Solved – Difference between hazard function and intensity function

hazardpoisson distribution

I'm reviewing a paper whereby the nonhomogeneous poisson process is explored. I'm familiar with the intensity function, but the idea of the hazard function is throwing me off. Especially, I cannot figure out when they two are the same? Literature is sparse and I'm just becoming confused.
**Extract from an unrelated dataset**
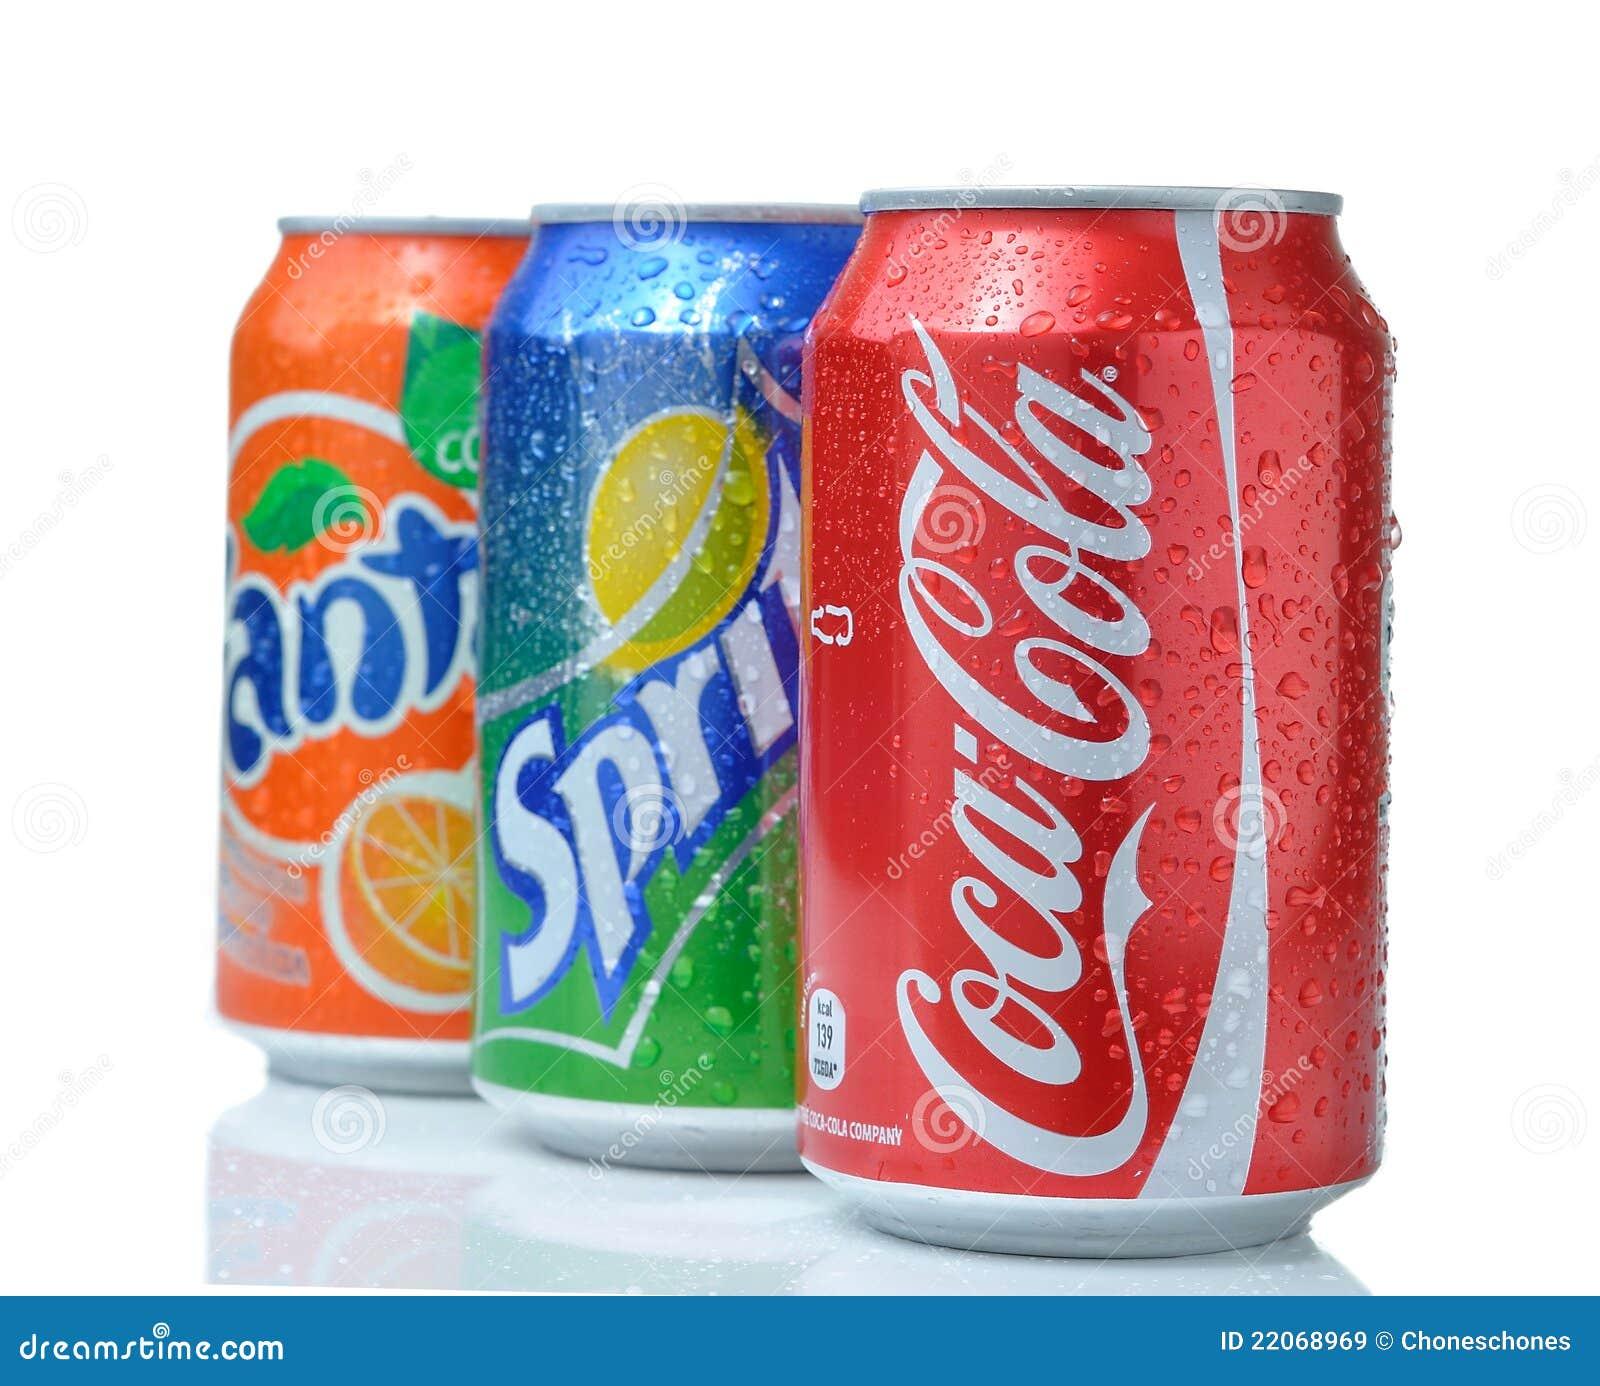 coca cola share the dream essay Classinro.

To me, it seems like the intensity function deals with reoccurring failure, while the hazard function deals only with the time to first failure?

Best Answer

A Poisson process is a model for a stream of "random" arrivals and has the properties that

  • there can be at most one arrival at any instant $t$

  • the number of arrivals in any interval $(t_1,t_2]$ is a Poisson random variable which is here denoted as $\mathbb N(t_1,t_2]$

  • For $t_1 < t_2 \leq t_3 < t_4 \leq t_5 < t_6 < \cdots \leq t_{2n-1} < t_{2n}$, the Poisson random variables $\mathbb N(t_1,t_2], \mathbb N(t_3,t_4], \mathbb N(t_5,t_6], \cdots , \mathbb N(t_{2n-1},t_{2n}]$, which count the numbers of arrivals in the $n$ disjoint or non-overlapping time intervals $(t_1,t_2],(t_3,t_4], (t_5, t_6], \cdots , (t_{2n-1},t_{2n}]$, are independent random variables

  • The probability of exactly one arrival in a small time interval $(t, t+\Delta t]$ is proportional to the length $\Delta t$ of the time interval; the probability of two or more arrivals in this small interval is $o(\Delta t)$ and can be neglected in the limit as $\Delta t \to 0$.

The constant of proportionality in this last item is assumed to be a constant $\lambda > 0$ for homogeneous Poisson processes but is assumed to be varying with time for nonhomogeneous processes. That is, the probability of one arrival in the vanishingly small interval $(t, t+\Delta t]$ is $\lambda(t)\Delta t$ while the probability of no arrivals during this interval is $1 - \lambda(t)\Delta t$. Here, of course, we assume that $\lambda(t) > 0$ for all $t$. $\lambda(t)$ is called the intensity of the process at time $t$.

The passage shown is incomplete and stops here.